Posted: Friday, November 21, 2003
Word Count: 3747
Summary: An attempt at a commercial, first person narrative novel. Chapter one, I'm not sure if this is a good idea or a load of old cobblers.




Please Welcome

Chapter One

How the hell did I get here? Me, Tina Morrison, nee Robinson; how did I come to be standing here about to go on stage in a nightclub in Croydon and sing The Greatest Love of All in front of hundreds of strangers?
"You're up next Tina alright?"

"Yeah," I say. Well I try to speak but I'm too nervous, so I just nod and make a funny noise, oh my God, what am I thinking of? How did I end up as a finalist in the annual South East Regional Karaoke Competition? Crikey, I feel like I'm on Pop Idol - I keep having to pinch myself to see if I'm dreaming.


It all started last November, nearly a year ago. Bonfire night it was - that was the night that everything changed forever , the night that life kicked me in the gut and winded my soul. We'd gone up the park to watch an organised fireworks display, me and the kids that is, my two big girls Sammy and Laura and the baby Joe.

We was expecting their dad Pete to put in an appearance but he never showed up. I remember standing there in the freezing cold, pulling my jacket tight around me and hiding under my hood watching all those fantastic explosions of light and colour cascading through the darkness and thinking to myself - Pete would love this, it's right up his street. It weren't like my Pete not to show up, he's a good dad and he loves an occasion- only the Christmas before last he didn't have to be asked twice when they needed a Santa for the school Christmas party - he was in that fat costume and beard before you could say Jingle bells and it didn't half suit him.

I remember the head, Mrs Clark remarking, "Oh he's lovely - your husband, a real sport and the kiddies adore him."

Yeah, he is that's for sure. My Pete, we were a brilliant couple, everyone said so. We're not a bit a like me and Pete. I'm from round here you see, born and bred in Holloway, not the prison but round here there ain't much difference. Where as Pete comes from 'Up North' Preston , I've only ever been up there a few times, nothing much to see not unless you like rain, grey skies and soggy chips. His parents don't even live there no more, they moved to Spain, made sure they bought a tiny little two bedroom apartment so we can't go and visit - they aren't stupid.

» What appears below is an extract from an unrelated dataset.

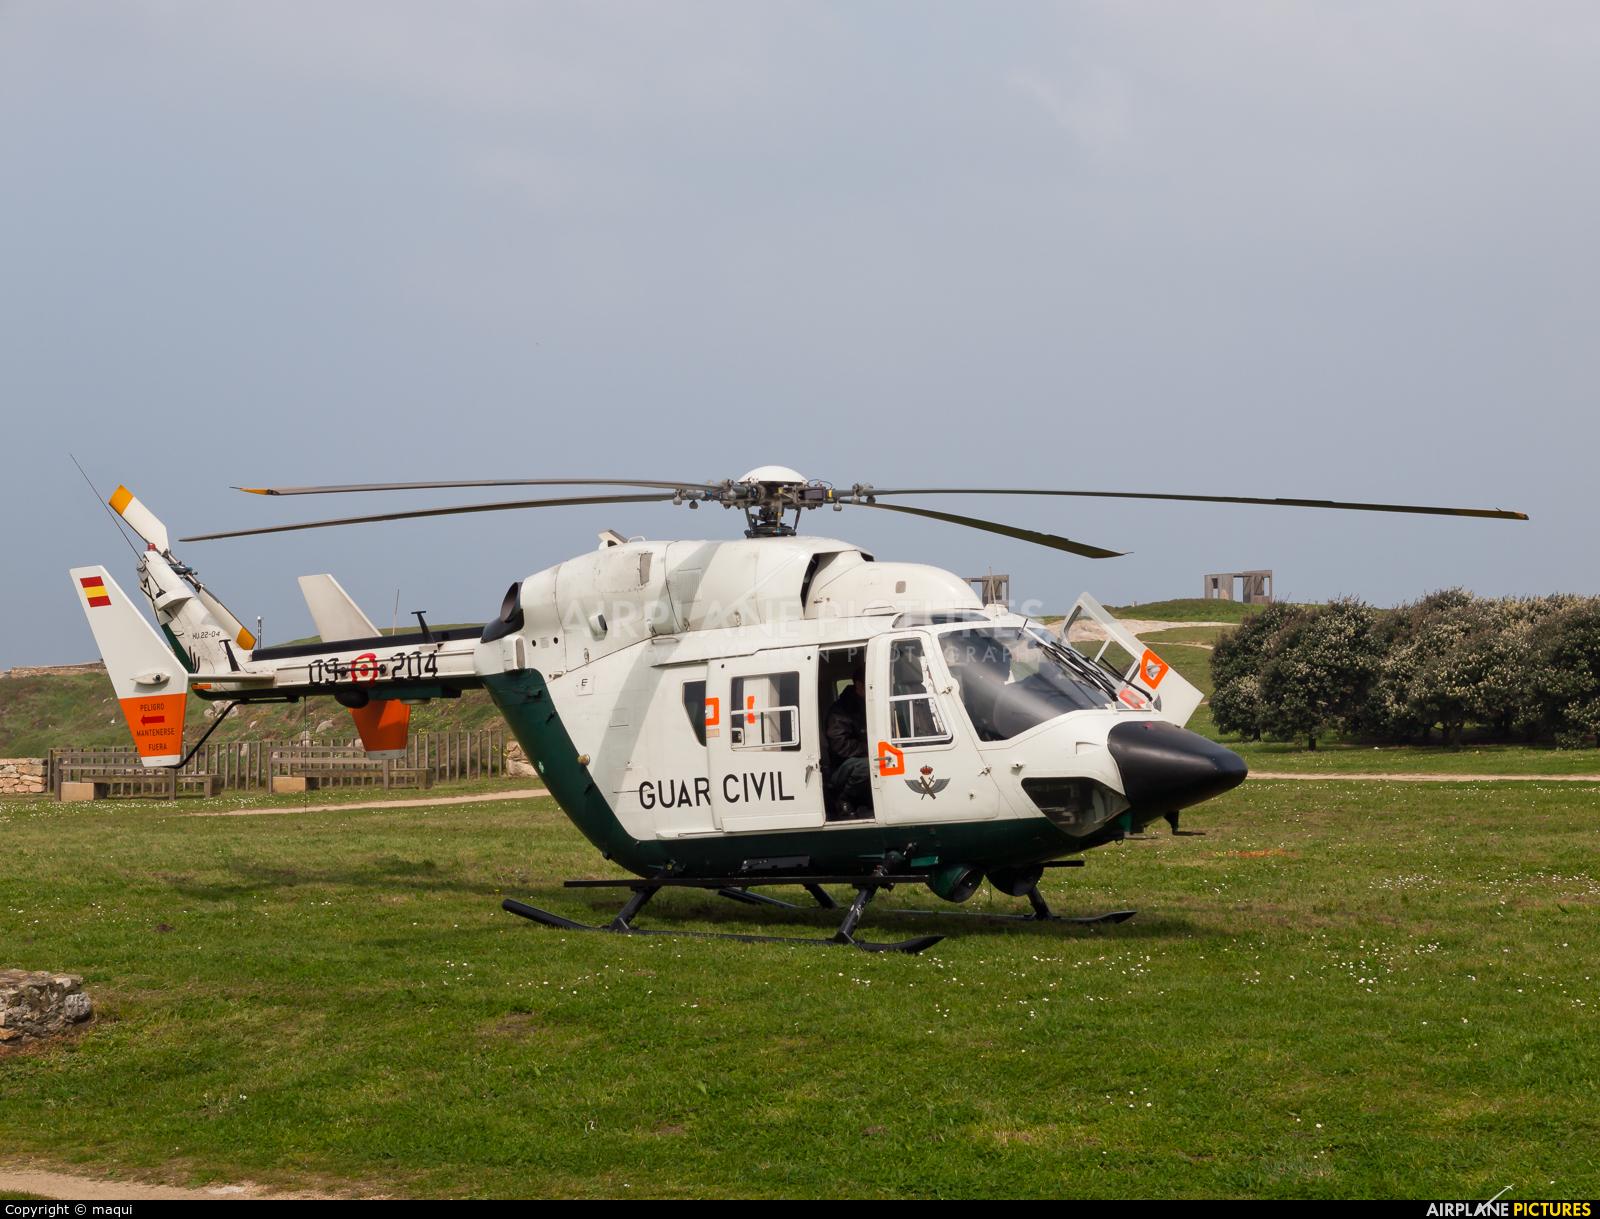 Spain - Guardia Civil HU.22-04 aircraft at La Coruña - Torre de Hercules
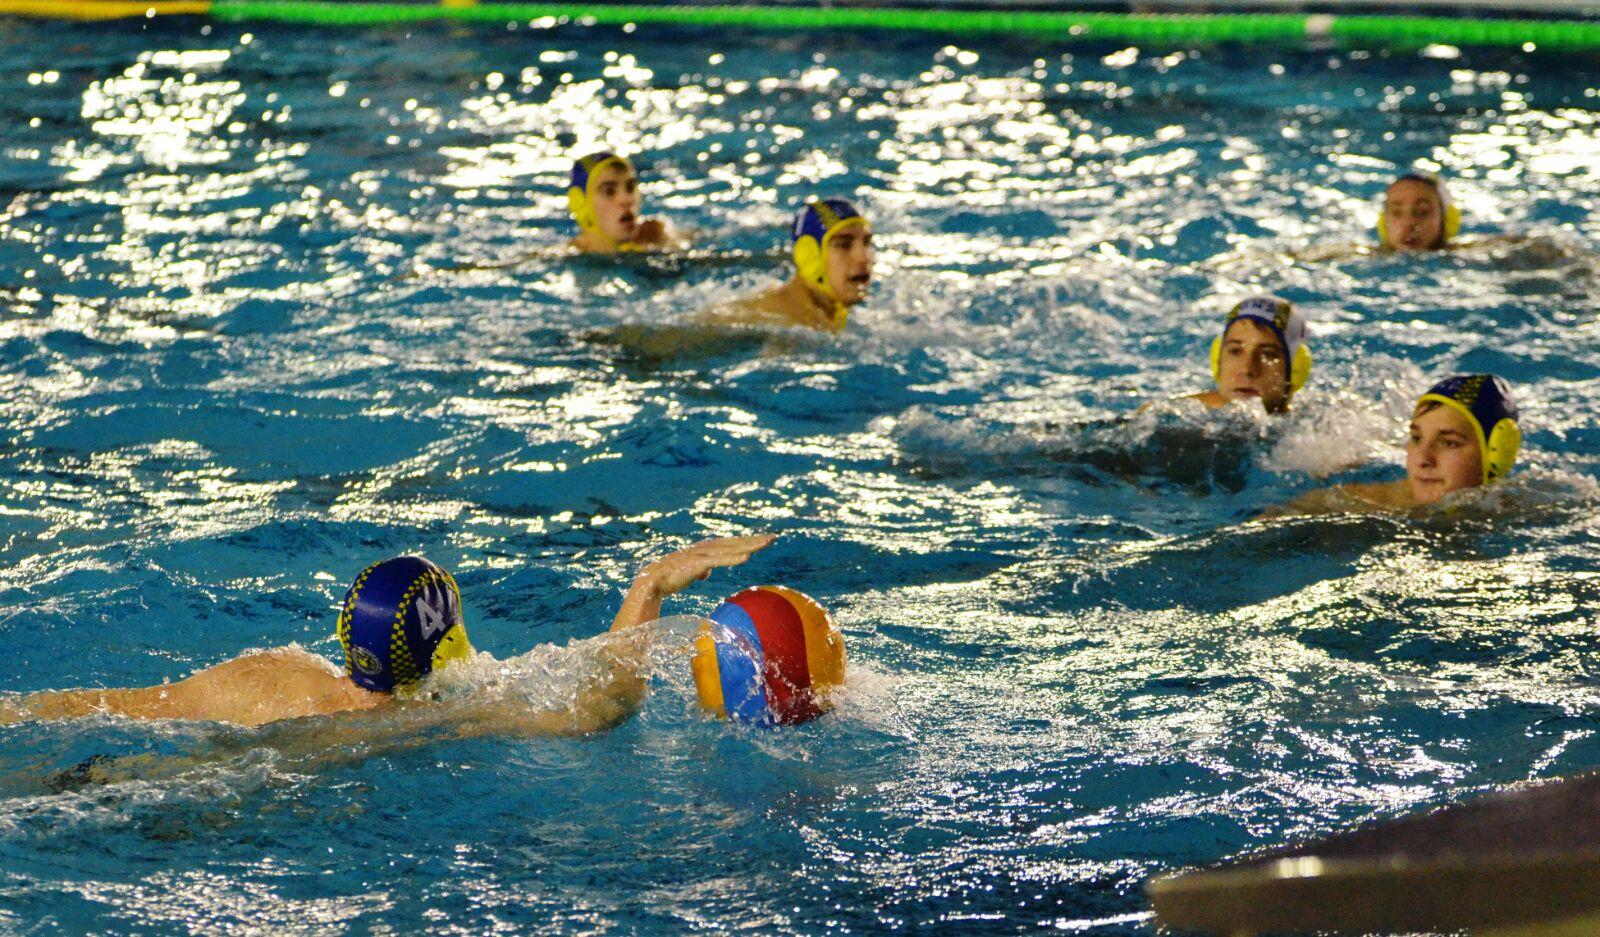 Club waterpolo castell partido de segunda divisi n nacional cn n utica portugalete vs cw castell - Piscinas de portugalete ...

Pete's been down here for twenty years now but if I'm truthful he's never really fitted in. It's the North and South divide, that invisible line that stretches across the country separating us all by how we pronounce our vowels. I loved it when we first met, he used to call me his little cockney sparrow and I'd say don't be such a pillock, this is North London, not the East End, but I knew what he meant.
My mates had all settled with local lads, boys we knew from when we were kids - but not me, I met my Pete at work. I was a dental nurse , not highly skilled I know, but I had a very nice uniform and when I was wearing it I felt like a real nurse and I looked like one too, I know cause I always got half price down the cinema and a seat on the bus which you don't even get if you're ten months pregnant these days.

He came in for an RCT, that's a root canal therapy to the uninitiated. We just clicked, he was scared stiff and kept trying to crack jokes, I'm used to that. I'd just smile sweetly and reassure the patient , say things like - "Oh Dr Evans is amazing, we call him Doctor No Pain, don't worry darling, it won't hurt a bit."

Course I was lying through me teeth, Dr Evans was a mean old git who hated his job. He used to wear a little ear piece thingy that was plugged into his transistor radio so he could hear the races. Many's the time he'd be standing there, drill poised in one hand, patients life in the other and without warning, he'd jerk the drill away from the poor sods mouth and shout, "Yes!"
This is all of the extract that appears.